Despite presumably being an issue for the 300,000-plus years that humans have existed, we still know surprisingly little about wildfire smoke. As Eric Levitz writes at New York, the costs of wildfire smoke “are vast, and often undercounted” as they “extend beyond their direct medical impacts, as people lose time, money, and quality of life” to avoid the toxic haze.
With smoke from Canadian wildfires wafting over the United States once again, it’s becoming increasingly obvious that we need to unravel these mysteries. That’s where academics step in.
The work begins with what we know about pollution. For decades, researchers such as atmospheric scientists, public health scholars and economists have tried to understand the emissions that result from industrial activity. That work has given us tools to understand its impacts: The Air Quality Life Index “converts air pollution concentrations into their impact on life expectancy,” the OECD has taken aim at measuring its direct economic costs, and a Google Scholar search for “air pollution” yields 3,100,000 results.
But what we know about air pollution largely comes from research on the impacts of pollutants from human-created emissions like industry and transportation, said Joseph Shapiro, an environmental economist at U.C. Berkeley. Wildfire pollution has a different — and possibly more harmful — composition. And while industrial pollution is somewhat predictable, knowing when and where the next wildfire will begin is more challenging.
“There’s a lot more work that can be done,” Kenneth Gillingham, an economics professor at Yale, told me, despite there being a “whole suite of amazing scholars.” A Google Scholar search turns up 239,000 results for “wildfires” — and just 10,800 for “wildfire smoke.”
First, experts explained to me that we don’t have a well-rounded understanding of the smoke in economic terms, such as its total cost. But there are also many smaller but still vital pieces of the puzzle missing, such as a cost-benefit analysis of controlled burns, the best ways to protect indoor air quality, day-to-day microeconomic changes created by smoke, or the full extent of the disparities that exist in who experiences the worst of the smoke.
Many of these questions are at the intersection of environmental science and other disciplines. Gillingham, for instance, made the case that economists have the tools necessary to put numbers against these seemingly “intractable problems.”

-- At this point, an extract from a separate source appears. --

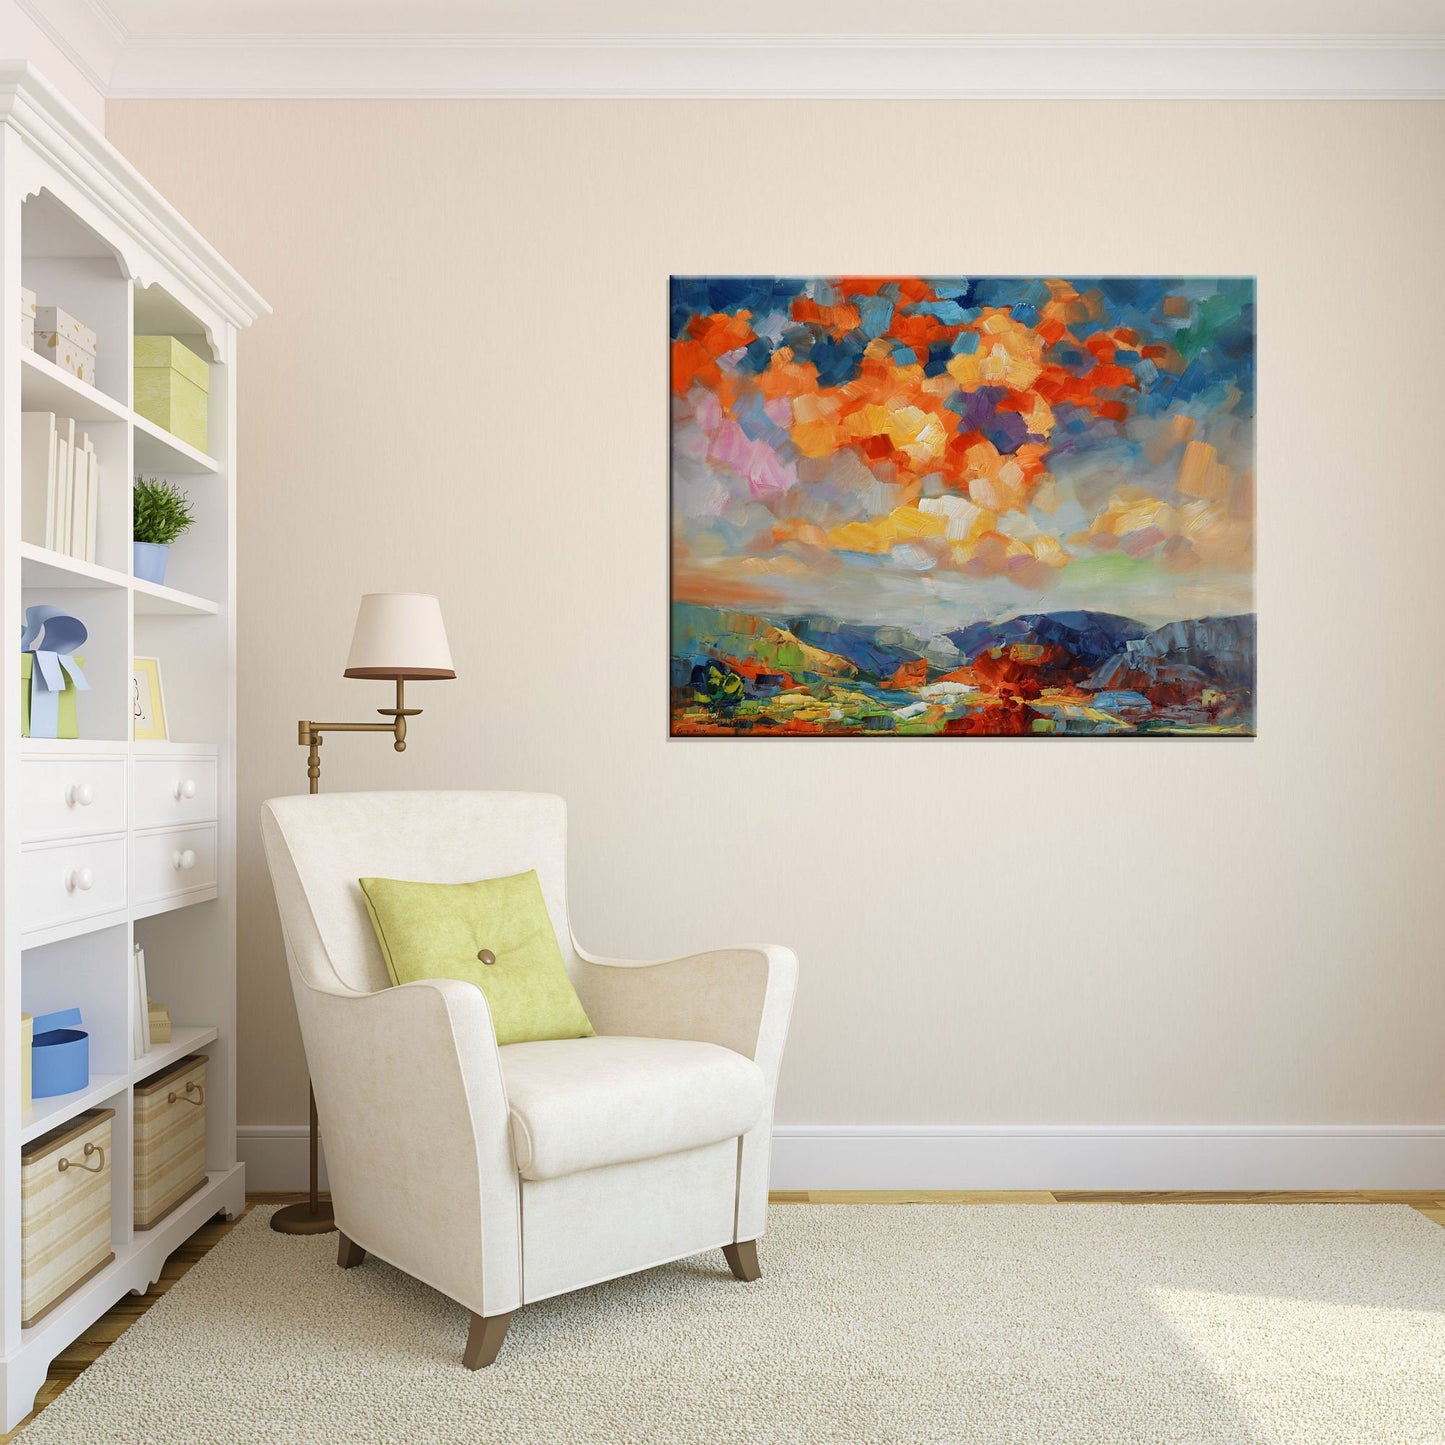 Large Oil Painting Landscape, Abstract Painting, Tuscany Sunset, Contemporary Painting, Original Landscape Painting, Abstract Art Wall Decor

“Until you put numbers to it, it’s hard to move opinion or policymakers,” Gillingham told me. “Economists are very adept at building the modeled framework … in thinking through the tradeoffs,” especially those “involved in different approaches to mitigating or adapting to climate change.”
One cost-benefit analysis that could offer immediate help is expanding the literature on the impacts of controlled burns, Shapiro said.
“Suppression has had lots of downsides,” he noted. “It’s just a matter of trying to make (wildfires) a more regular, natural process.”
A 2021 paper about wildfire risk in the U.S. raises this question directly: “Existing evidence does not provide a comprehensive understanding of how a given prescribed burning intervention … will change the timing, amount, and spatial distribution of smoke.” In other words: Controlled burns could be a salve for wildfire prevention, but we don’t know enough about their impacts to make them more widespread in public policy.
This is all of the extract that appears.